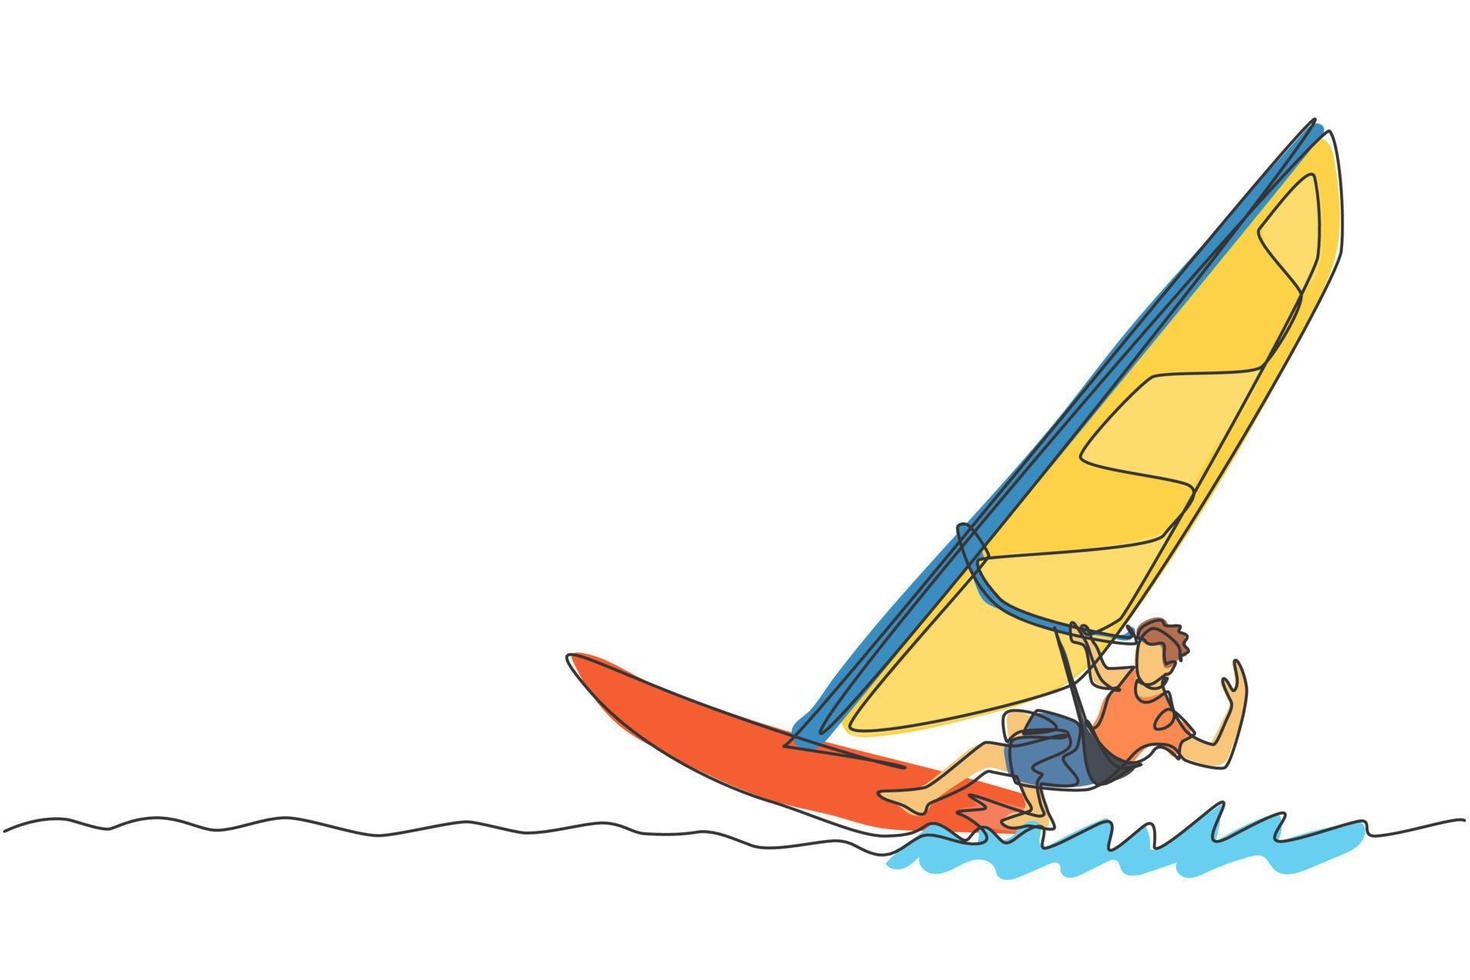 dibujo de una sola línea continua de un joven surfista deportivo jugando al windsurf en el mar. concepto de deporte marino extremadamente peligroso. vacaciones de verano. ilustración de vector de diseño de dibujo de una línea de moda
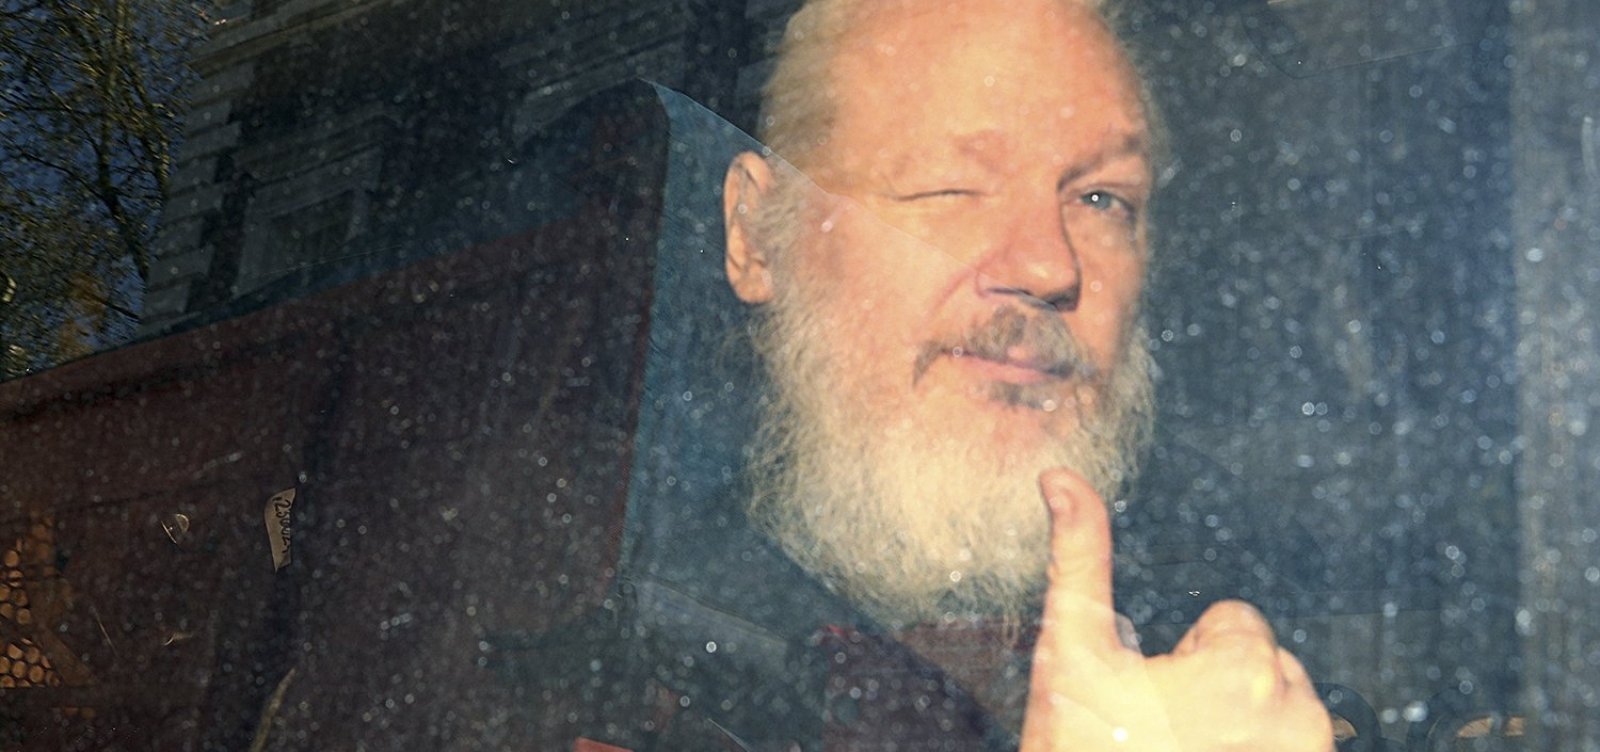 Equador sofre 40 milhões de ciberataques após prisão de Assange
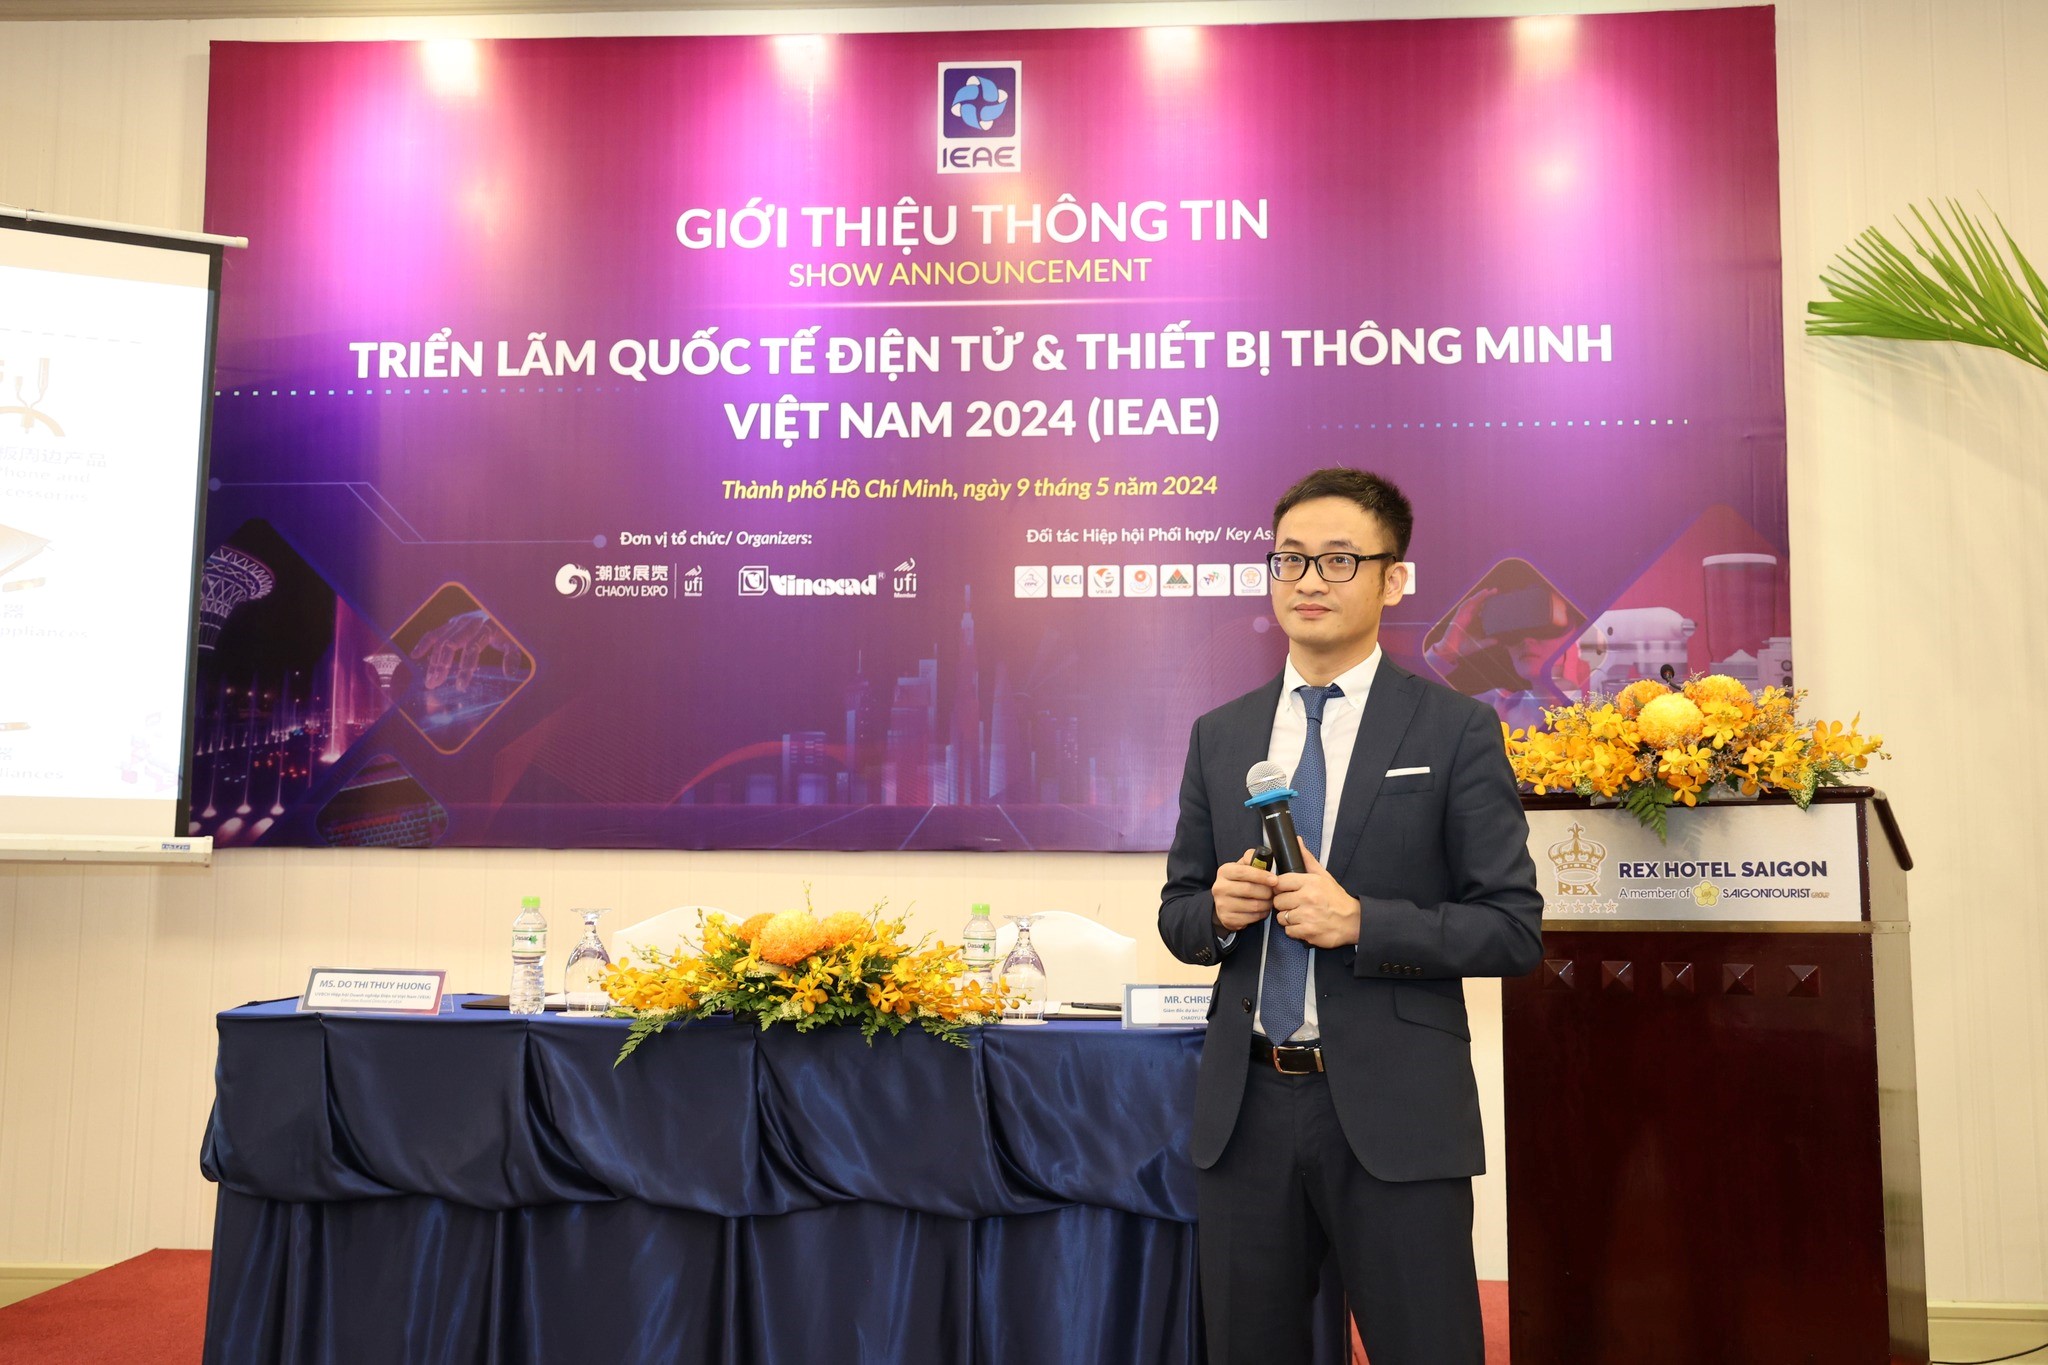 Triển lãm quốc tế điện tử và thiết bị thông minh Việt Nam (IEAE) 2024

◆ **Problem**: Leave every picture out. Retype the remaining data exactly.

◆ **Final answer**:
 dibujo de una sola línea continua de un joven surfista deportivo jugando al windsurf en el mar. concepto de deporte marino extremadamente peligroso. vacaciones de verano. ilustración de vector de diseño de dibujo de una línea de moda
 Equador sofre 40 milhões de ciberataques após prisão de Assange
 Triển lãm quốc tế điện tử và thiết bị thông minh Việt Nam (IEAE) 2024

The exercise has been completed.